Private strand flush not complete
"Private strand flush not complete" messages are being populated to the alert log for unknown
reasons.
ALERT LOG EXAMPLE:
>>>
Fri May 19 12:47:29 2006
Thread 1 cannot allocate new log, sequence 18358
Private strand flush not complete
Current log# 7 seq# 18357 mem# 0: /u03/oradata/bitst/redo07.log
Thread 1 advanced to log sequence 18358
Current log# 8 seq# 18358 mem# 0: /u03/oradata/bitst/redo08.log
<<<
>>
The message means that we haven't completed writing all the redo information to the log when we are trying to switch. It is similar in nature to a "checkpoint not complete" except that is only involves the redo being written to the log.
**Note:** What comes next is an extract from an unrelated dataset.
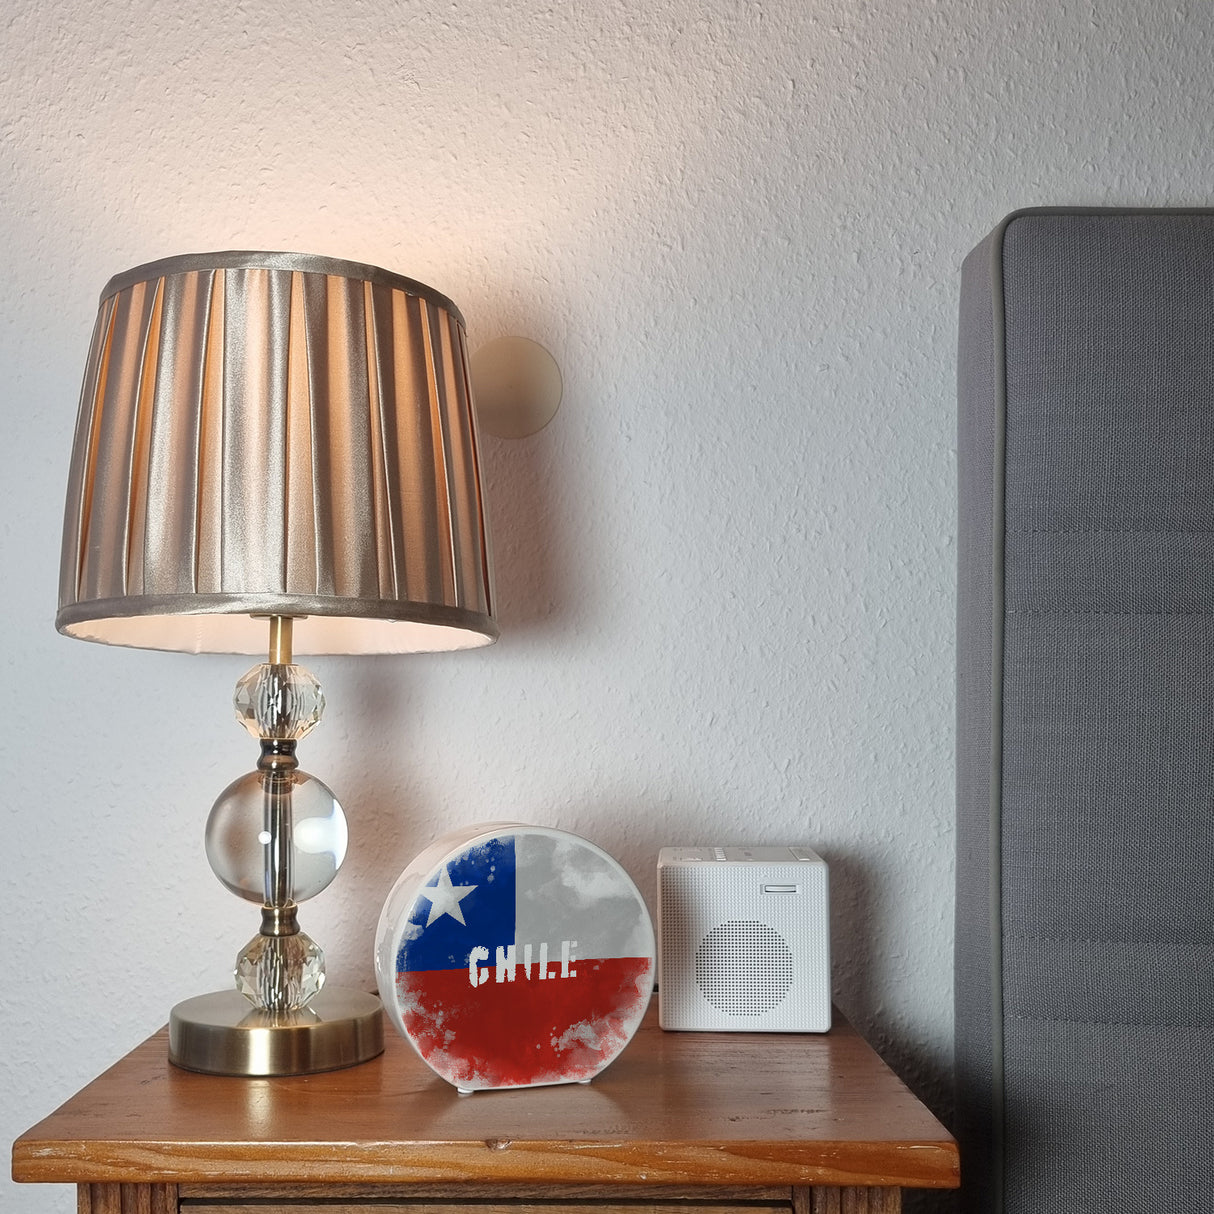 Spardose mit Chile-Flagge im Used Look - Sparschwein für Urlauber

The log switch can not occur until all of the redo has been written.
A "strand" is new terminology for 10g and it deals with latches for redo .
Strands are a mechanism to allow multiple allocation latches for processes to write redo more efficiently in the redo buffer and is related to the log_parallelism parameter present in 9i.
The concept of a strand is to ensure that the redo generation rate for an instance is optimal and that when there is some kind of redo contention then the number of strands is dynamically adjusted to compensate.
The initial allocation for the number of strands depends on the number of CPU's and is started with 2 strands with one strand for active redo generation.
For large scale enterprise systems the amount of redo generation is large and hence these strands are *made active* as and when the foregrounds encounter this redo contention (allocated latch related contention) when this concept of dynamic strands comes into play.
There is always shared strands and a number of private strands .
Oracle 10g has some major changes in the mechanisms for redo (and undo), which seem to be aimed at reducing contention.
Instead of redo being recorded in real time, it can be recorded 'privately' and pumped into the redo log buffer on commit.
Similary the undo can be generated as 'in memory undo' and applied in bulk.
This affect the memory used for redo management and the possibility to flush it in pieces.
The message you get is related to internal Cache Redo File management.
You can disregard these messages as normal messages.
When you switch logs all private strands have to be flushed to the current log before the switch is allowed to proceed.
These messages are not a cause for concern unless there is a significant gap in seq# between the "cannot allocate new log" message and the "advanced to log sequence" message.
This issue is infact not a bug and is expected behavior.
In some cases, this message can be resolved by increasing db_writer_process value.